I found this statement fascinating as when I reflected on my decision to base my current project on Essex University, I thought about the following ‘psychogeographies’ which have added rich and complex nuances to my work:

Memories – new personal experiences of people – tutors, lecturers, people who became friends (I gained my first degree at Essex);

Memories and renewed fondness of place – built environment (reinforced by attending lectures celebrating the 50 th anniversary of the earliest buildings – 1965, New Brutalism – the paternoster lift in the distinctive library I love with views over the lake – silence, concentration, intellectual challenge, access to numerous ideas about human life and the world we inhabit and continue to explore and thereby create. The Hex restaurant, the lecture theatre block, the sports hall in which I sat examinations);

Fondness for the landscape – Wivenhoe Park – (in 1816 John Constable was commissioned to paint Wivenhoe Park by his patron Major-General Rebow) – lakes, trees, wildlife – especially the gaggles of geese walking possessively across the landscape a reminder of the Theropod dinosaurs from which they evolved during the Mesozoic Era;

Memories one year course (Continuing Studies) in Psychoanalysis – Feud and Jung – questions about self, socialization, society;

Ongoing Mythology Reading Group – I began to draw comparisons between mythological quests and journeys with university courses – personal, time-limited quest/challenge for a specific, socially recognized purpose – hardship/deferred gratification;

Contemporary architecture – palimpsest and reconfiguration (e.g. Silberrad Building partially blocks the view of the lake from the library; one lake was redesigned and is partially built over; an iconic stairway in the library (nick named “The Cloisters”) was removed to create space for a new vision of the library extension – plans met with huge protest, media coverage and failed application to get the stairwell listed to prevent obliteration); and

Reminders when researching the university buildings that in the 1960s and 80s Essex University was synonymous with radical student protest and that their unrest was associated with the Brutalist architecture of the 1960s in which they lived and studied.

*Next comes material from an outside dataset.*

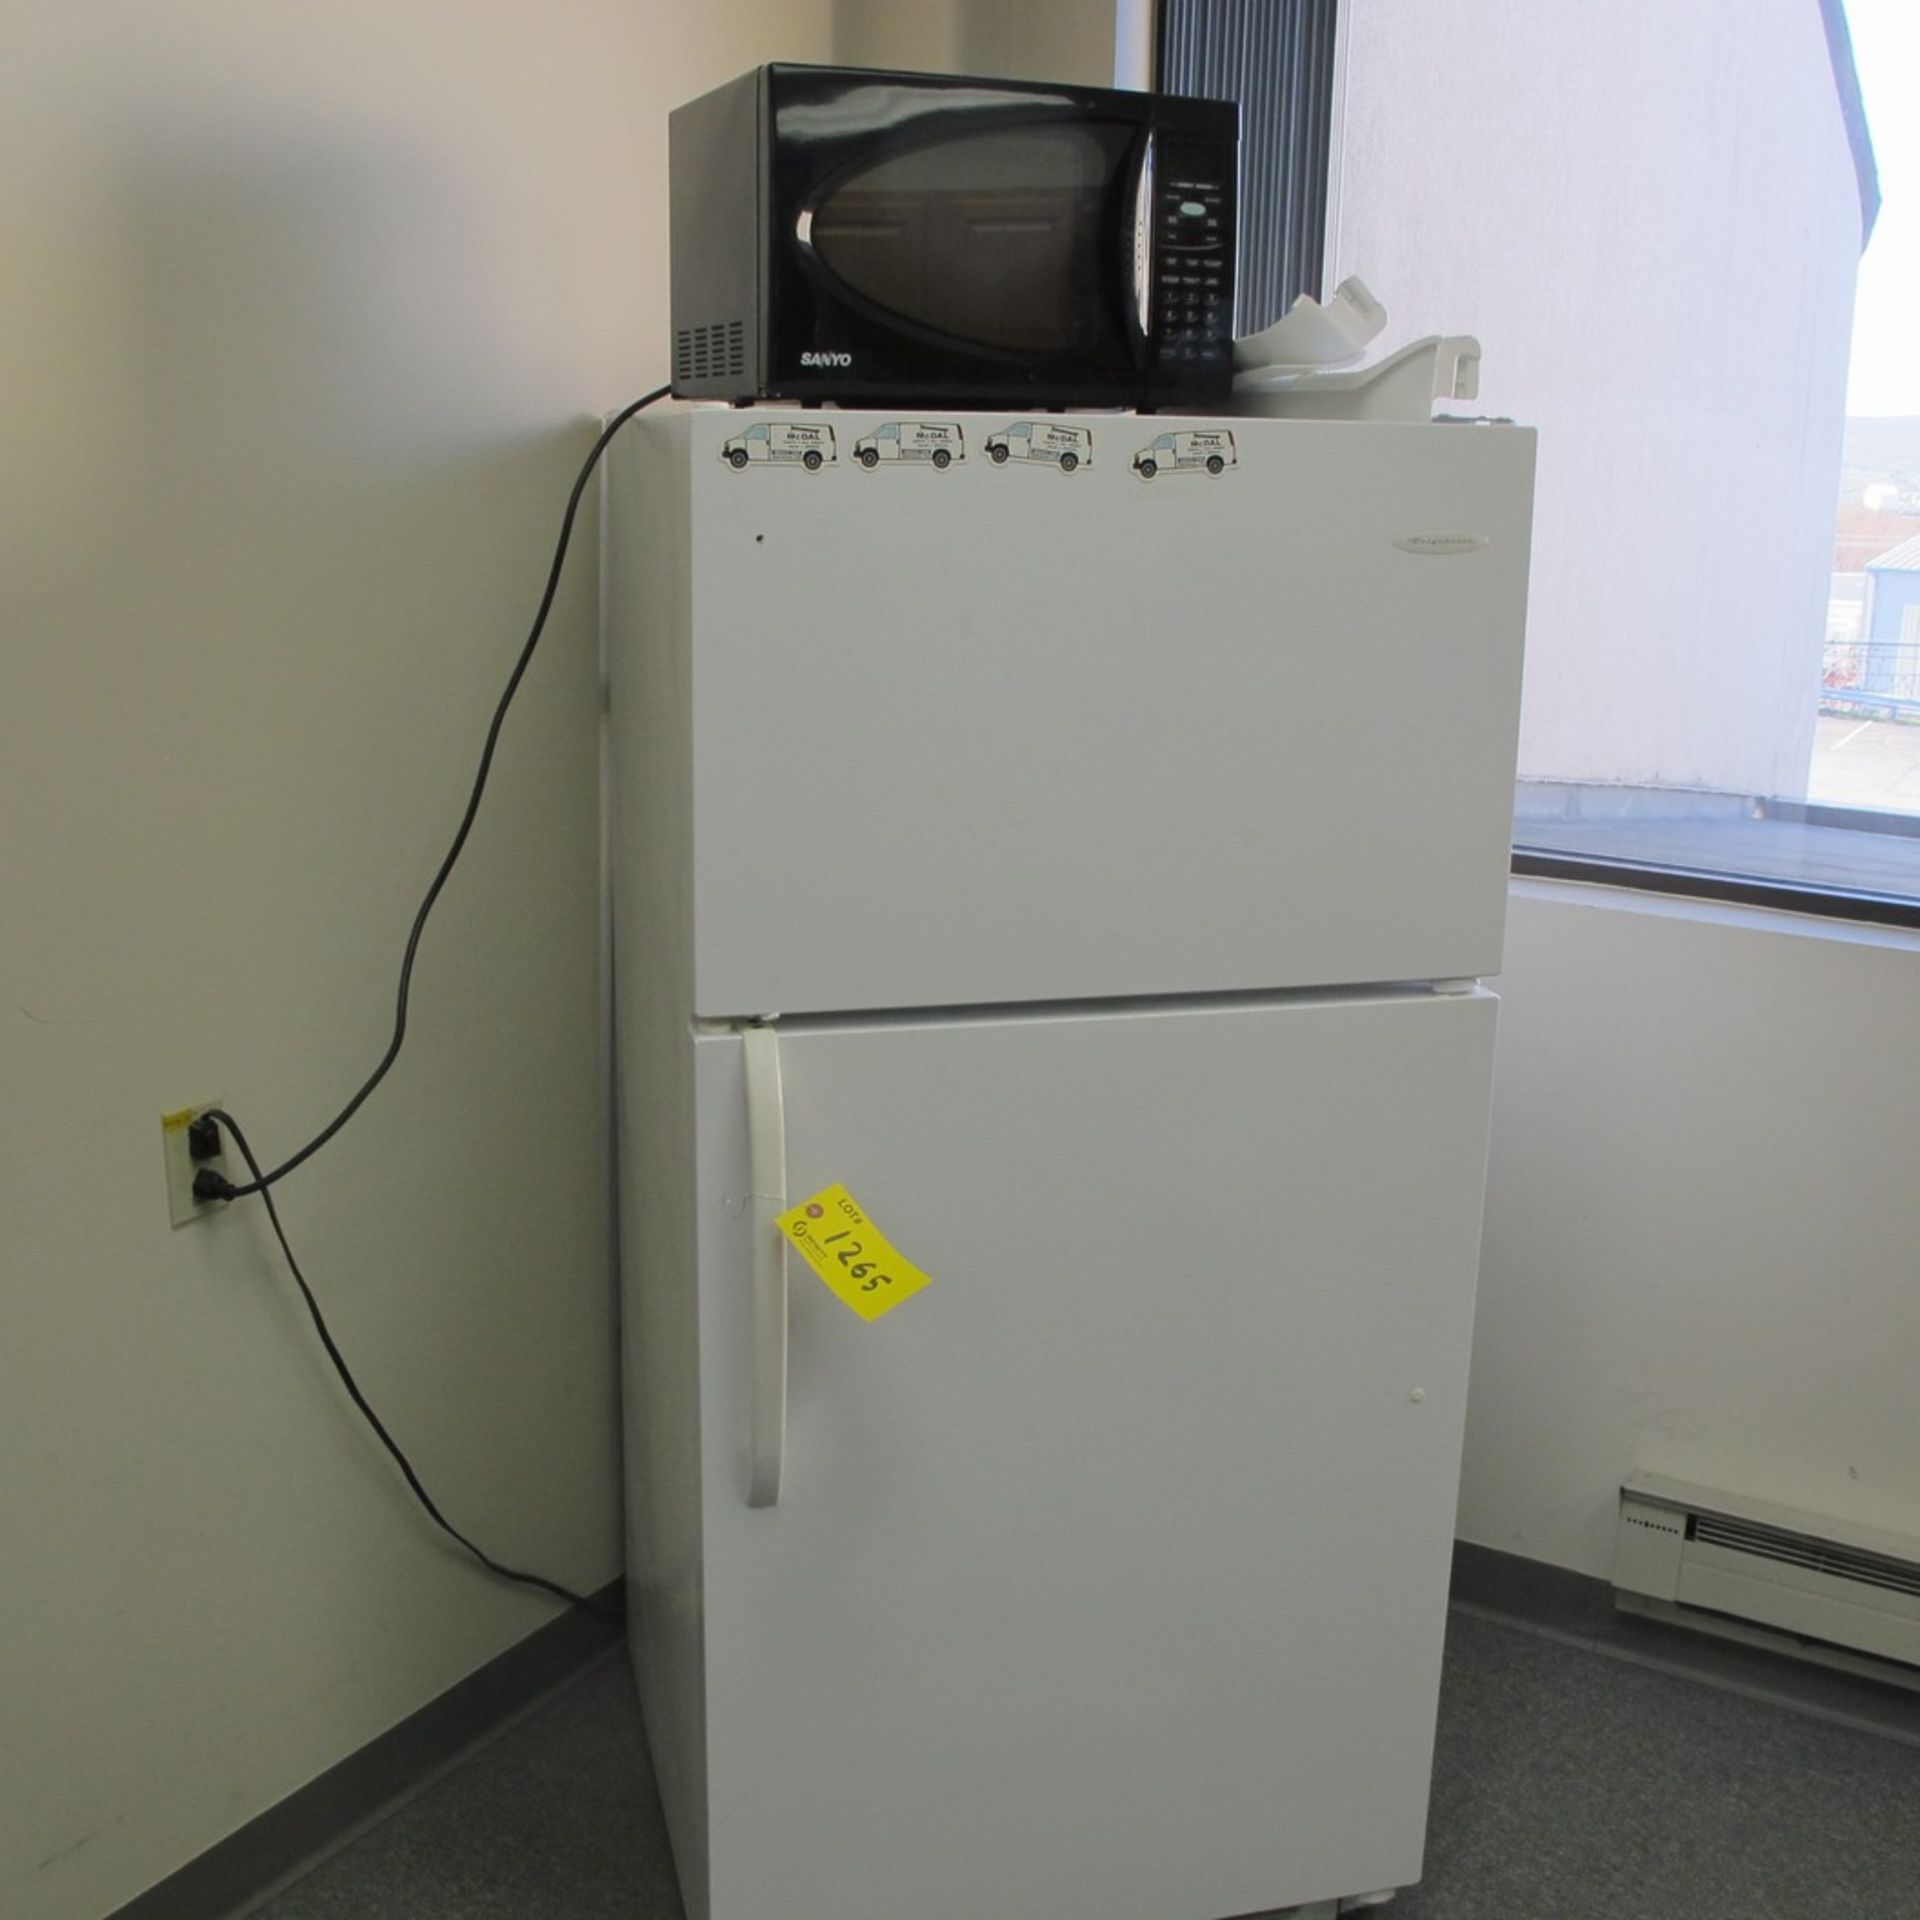 FRIGIDAIRE FRIDGE, SANYO MICROWAVE, KEURIG COFFEE MAKER (NO CONTENTS) (UPPER EAST OFFICES)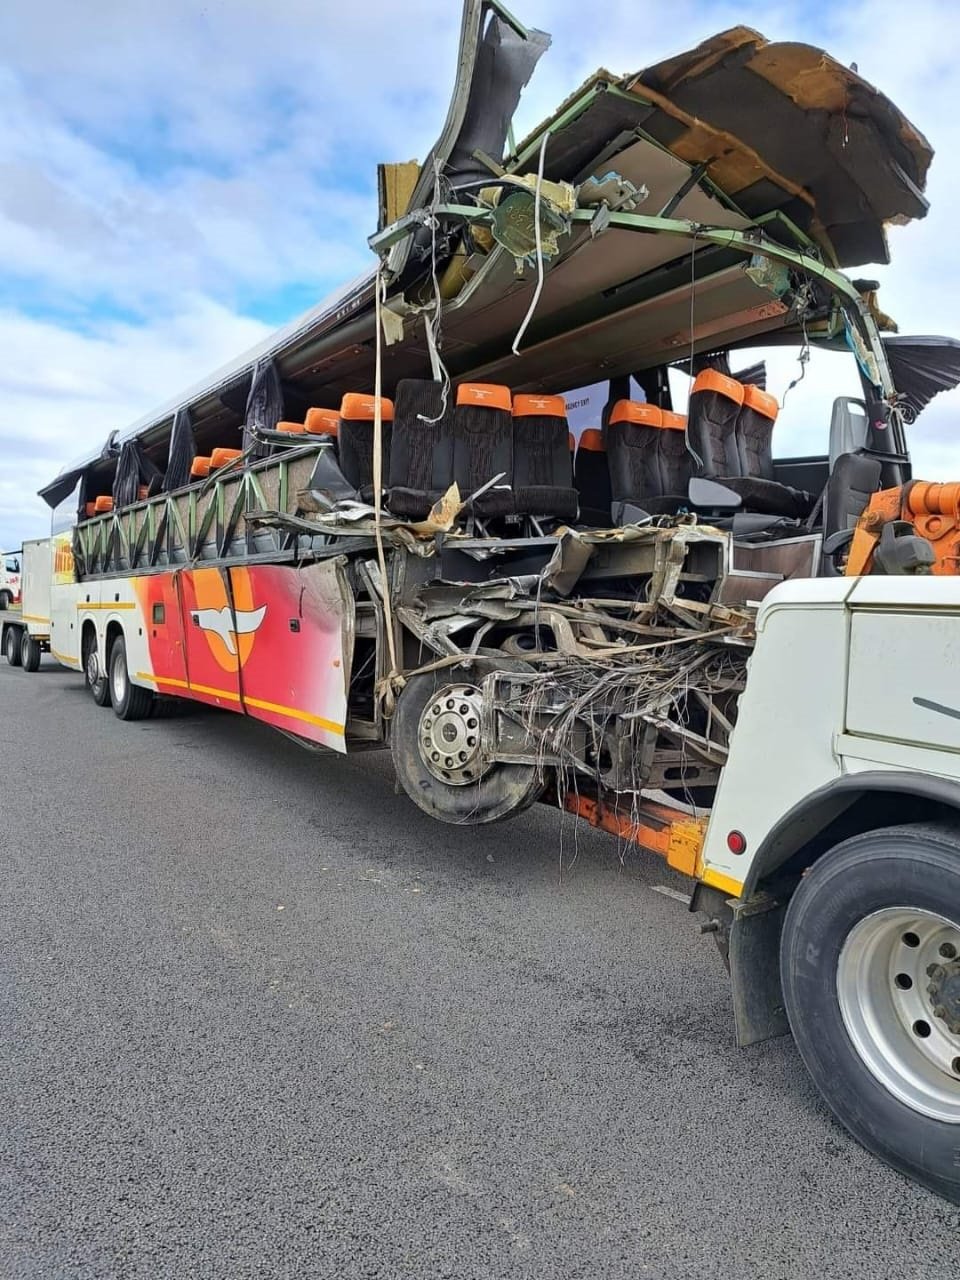 6 killed and at least 30 injured in bus collision near Mossel Bay

The Albert Slowman Library, Essex University, Photograph by Gillian Lock-Bowen, 2016

For a discussion of the significance of the architecture of Essex University on the experience of its students between Professor Jules Lubbock and Dr William Whyte, click on the following link:

Mehretu, Beloved (Cairo), ink and paint on canvas, 2013, 10 x 24 ft

During Mehretu’s elaboration of Beloved (Cairo) , 2013, she explains that the reason she works within the language of abstraction is that there is no clear image of what perspective is; it is more about an in between place which is made manifest when abstract marks overlay architectural drawings (which are presented in multiple perspectives):

Instead of just the architectural language delineating the space, the characters and swarms actually develop and create the space. The architectural language serves as a marker to the type and the history of the space, but the characters make the space and break it down. They actually complicate the space in the painting. For example, a bunch of dashes or marks will enter the painting a certain way and then another group of marks enters it another way to completely contradict that. (Mehretu, interview with Lawrence Chua, Bomb 91, Spring 2005.)

I identify strongly with Mehretu’s experience of mark making as equivalent to creating characters which appear to express their intent as they develop and during the evolution of a drawing. For example, I feel compelled to situate marks of a specific type in areas on the ground where they intend to roam and inhabit; or I have a sense that they insist on being brought from the background to the foreground thereby over writing other marks which gives rise to a new and insistent dialogue between these competing, or co-operative characters, which begin to populate and determine the ground upon which they play out their palimpsestic performance.